▶ Task to carry out
Exact repetition of a range: find the line containing "Tendencias Retail. El" and the line containing "sunset Julianadorp" in the material below, then repeat both and all lines between them, leaving pictures out.

▶ Listed records

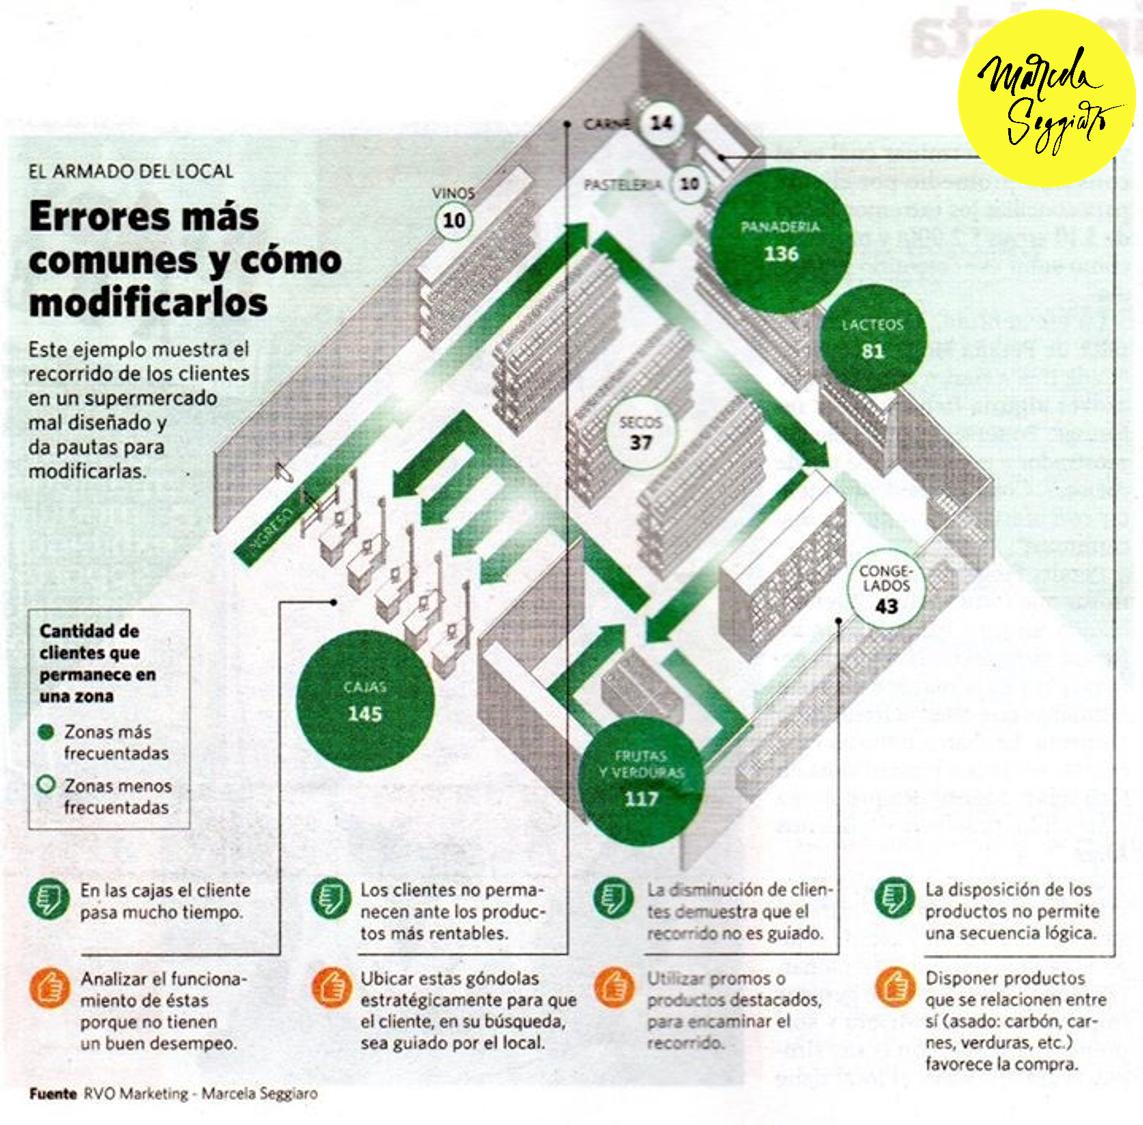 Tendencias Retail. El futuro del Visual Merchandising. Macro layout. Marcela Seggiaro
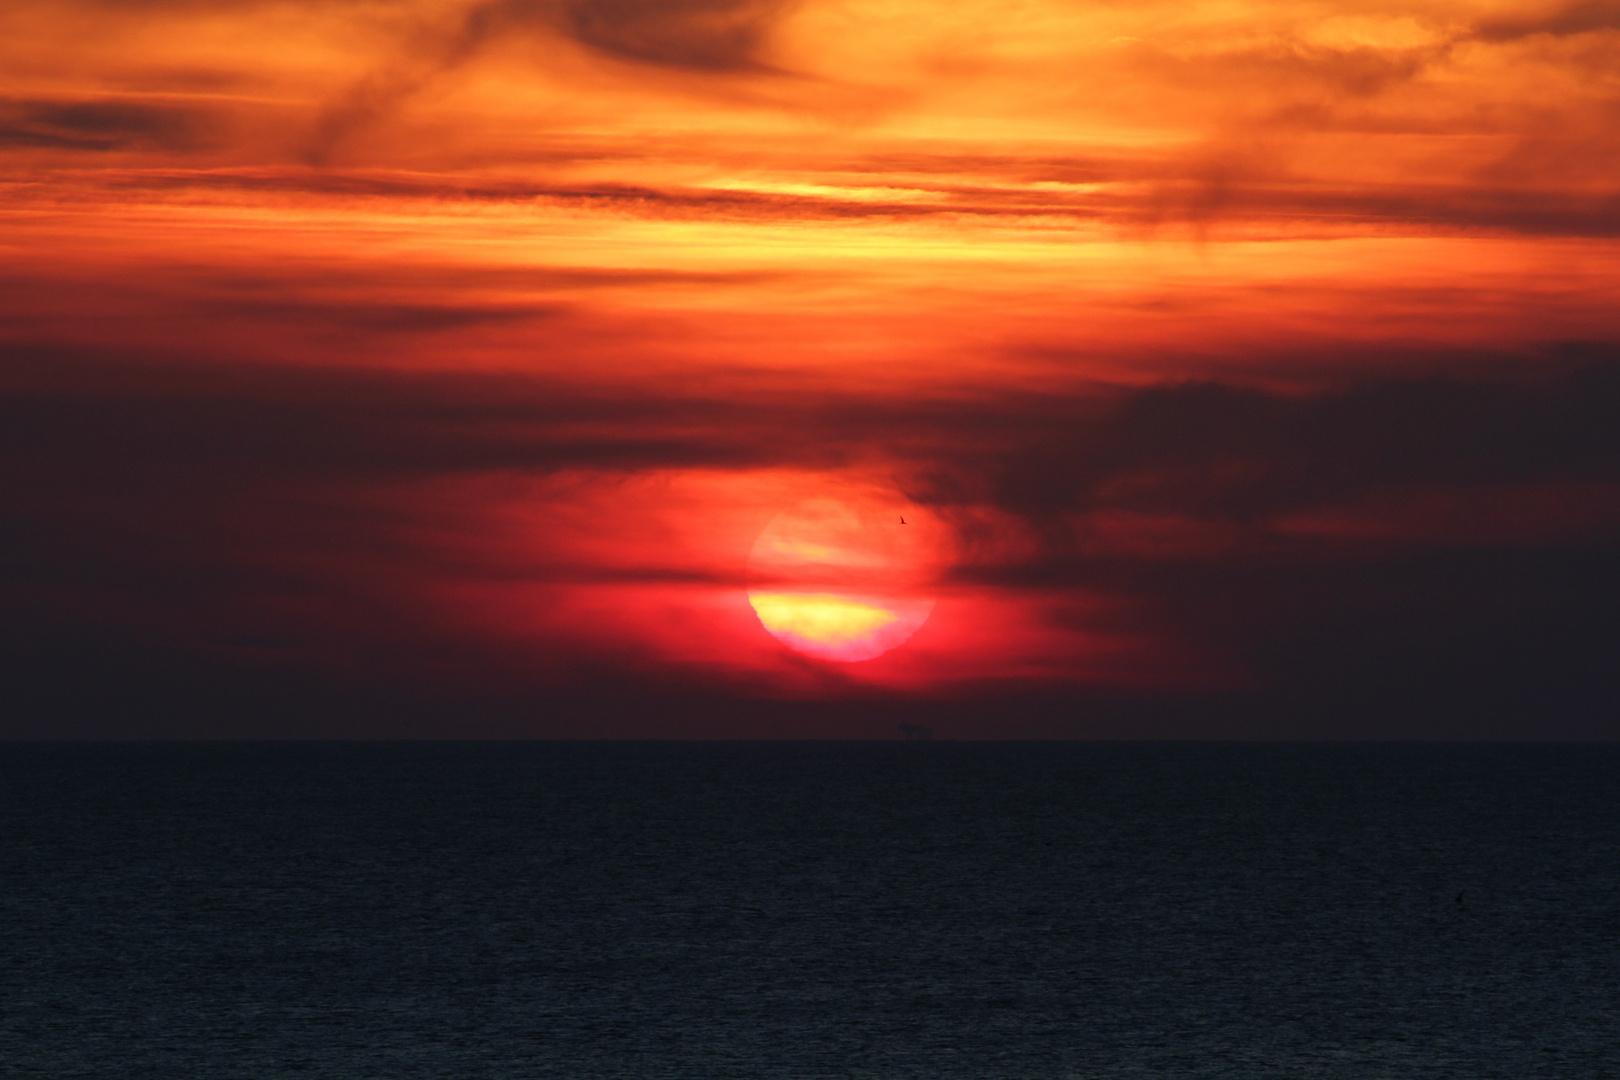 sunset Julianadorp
...
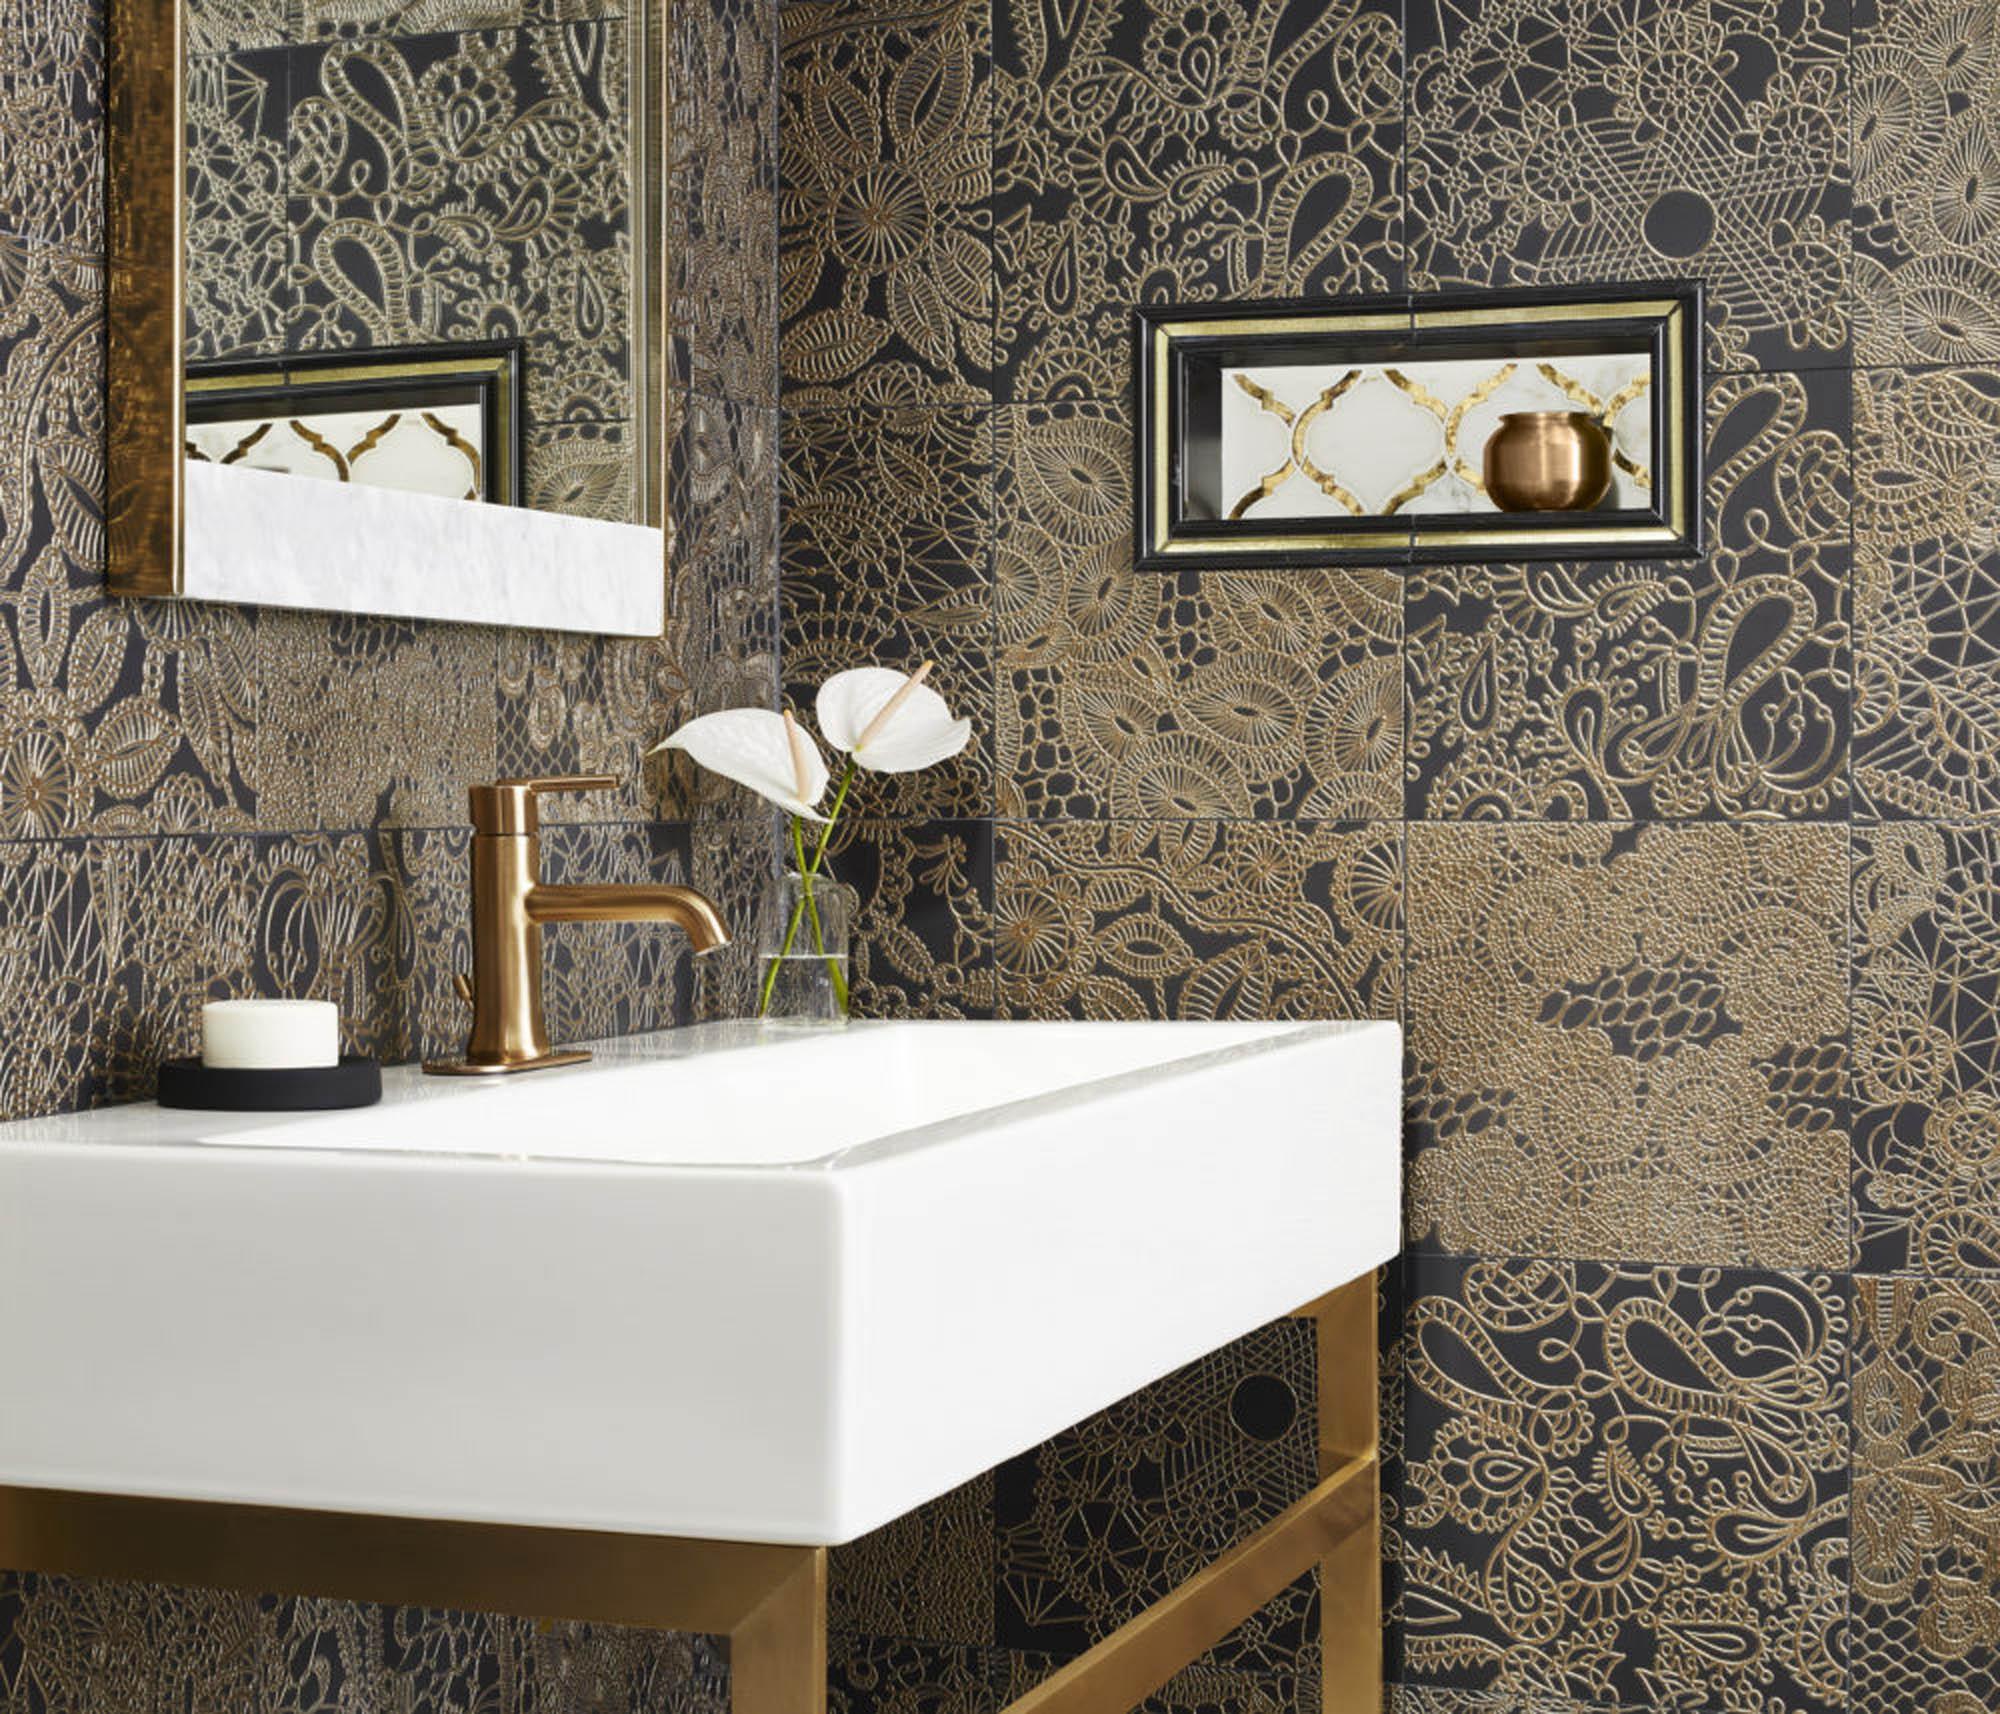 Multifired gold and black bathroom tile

▶ Expected output
 Tendencias Retail. El futuro del Visual Merchandising. Macro layout. Marcela Seggiaro
 sunset Julianadorp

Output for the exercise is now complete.